_WORK INSTRUCTION_
Would you reproduce the data below exactly, please, leaving out its images?

_SUPPLIED DATA_
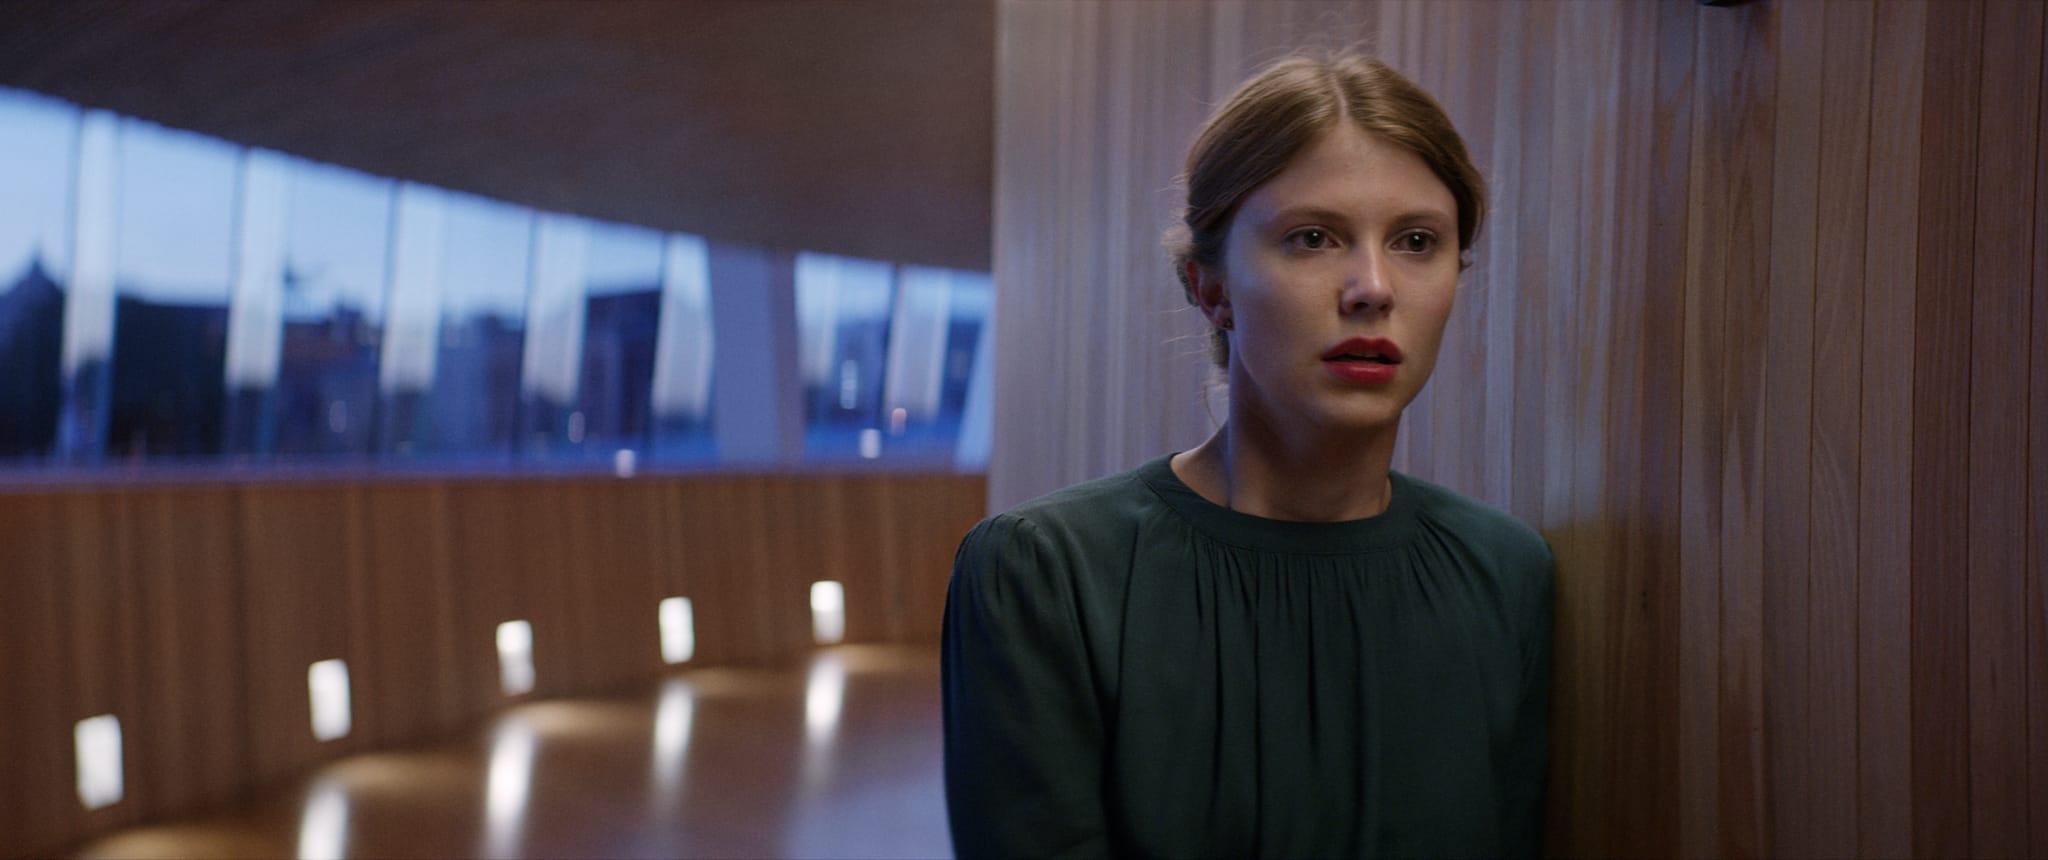 Thelma de Joachim Trier image film cinéma
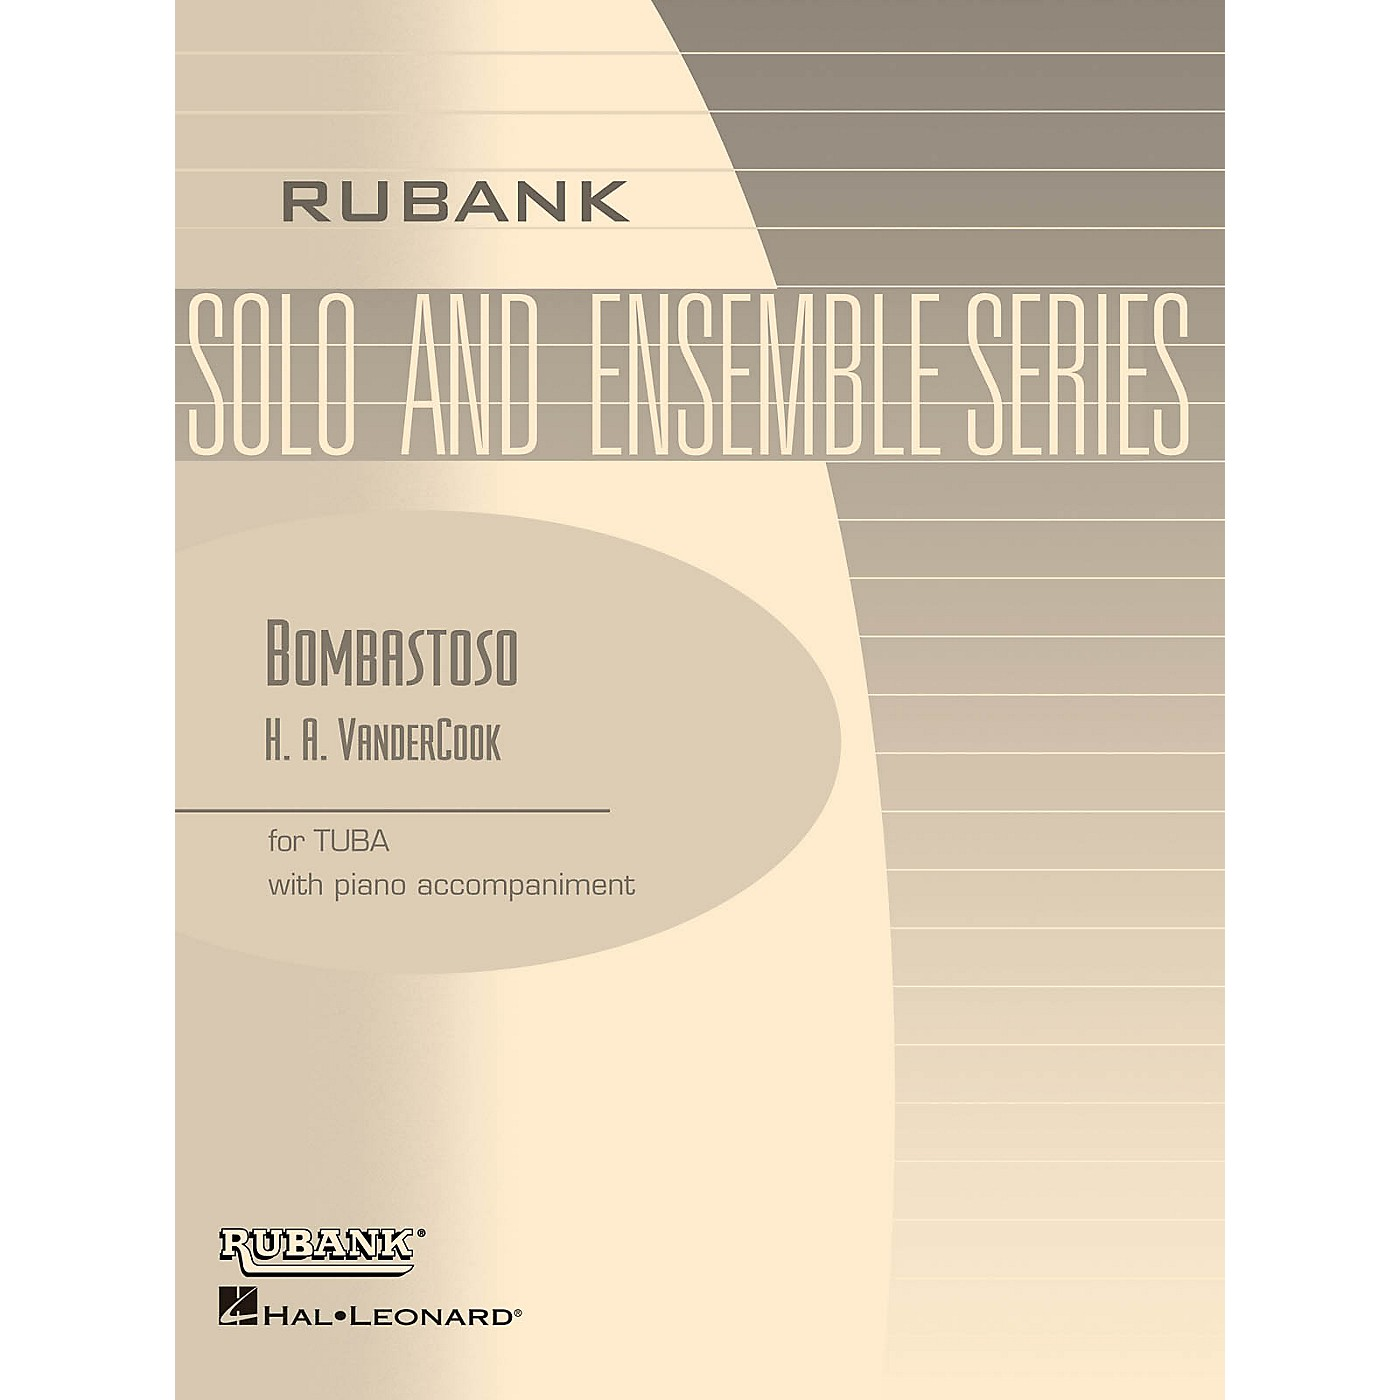 Rubank Publications Bombastoso (Caprice) Rubank Solo/Ensemble Sheet Series Softcover thumbnail
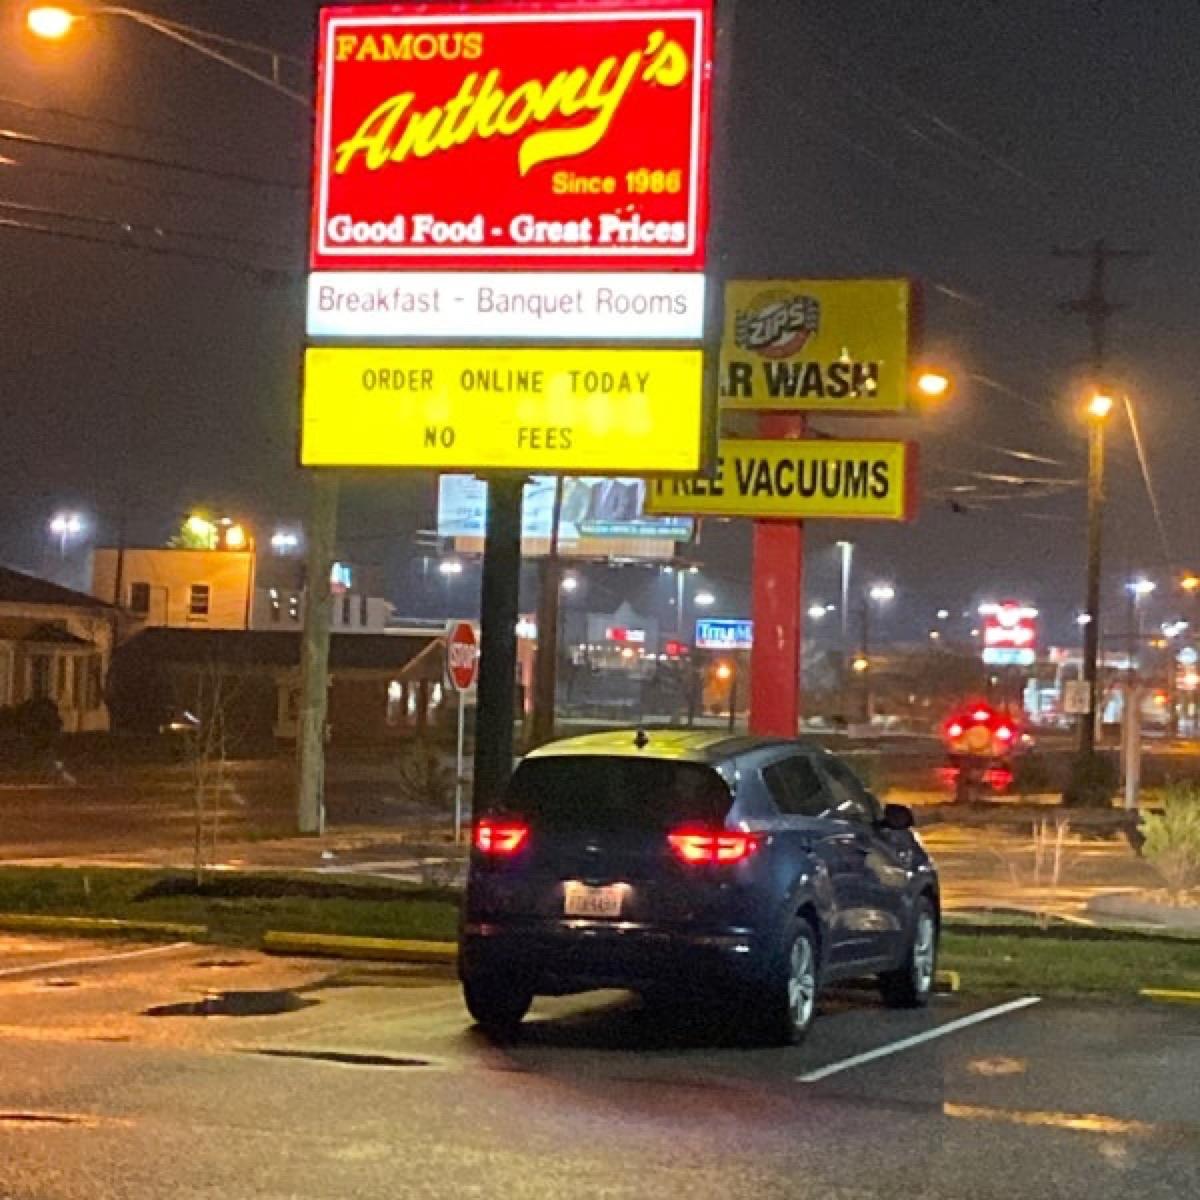 exterior shot of illuminated sign at famous anthonys restaurant at night
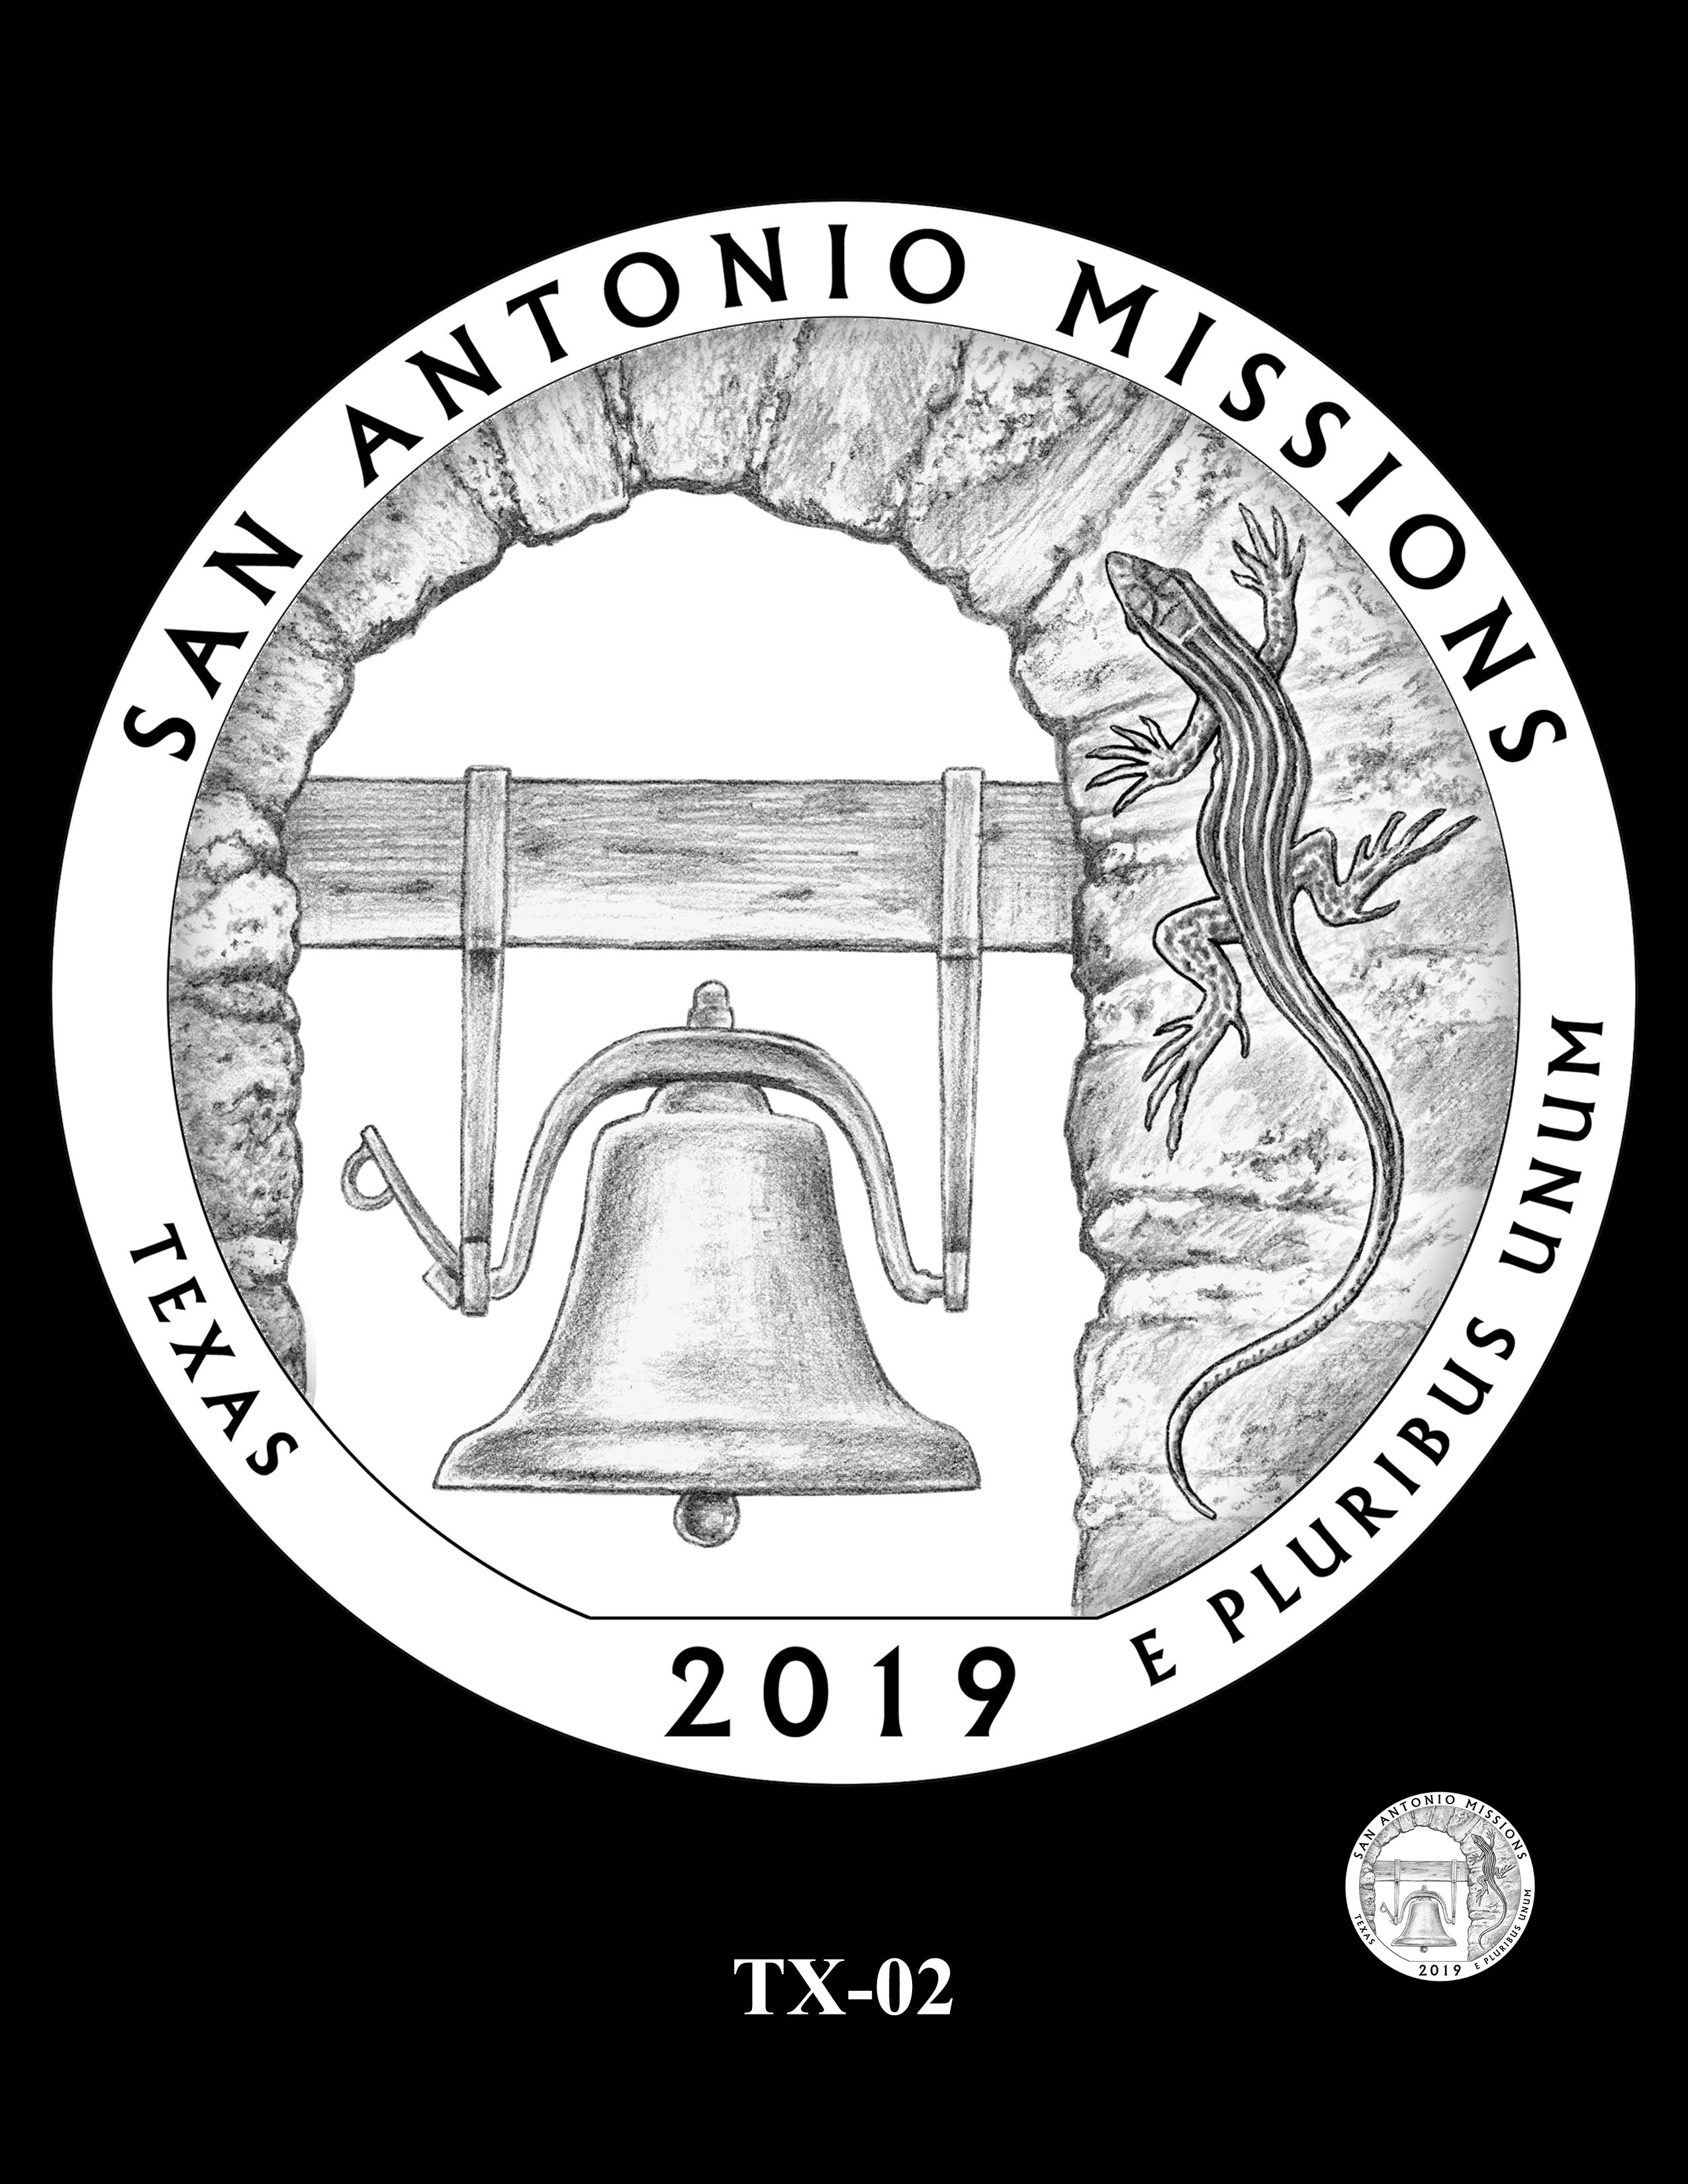 TX-02 -- 2019 America the Beautiful Quarters® Program

_TASK RESULT_
 Thelma de Joachim Trier image film cinéma
 Rubank Publications Bombastoso (Caprice) Rubank Solo/Ensemble Sheet Series Softcover thumbnail
 exterior shot of illuminated sign at famous anthonys restaurant at night
 TX-02 -- 2019 America the Beautiful Quarters® Program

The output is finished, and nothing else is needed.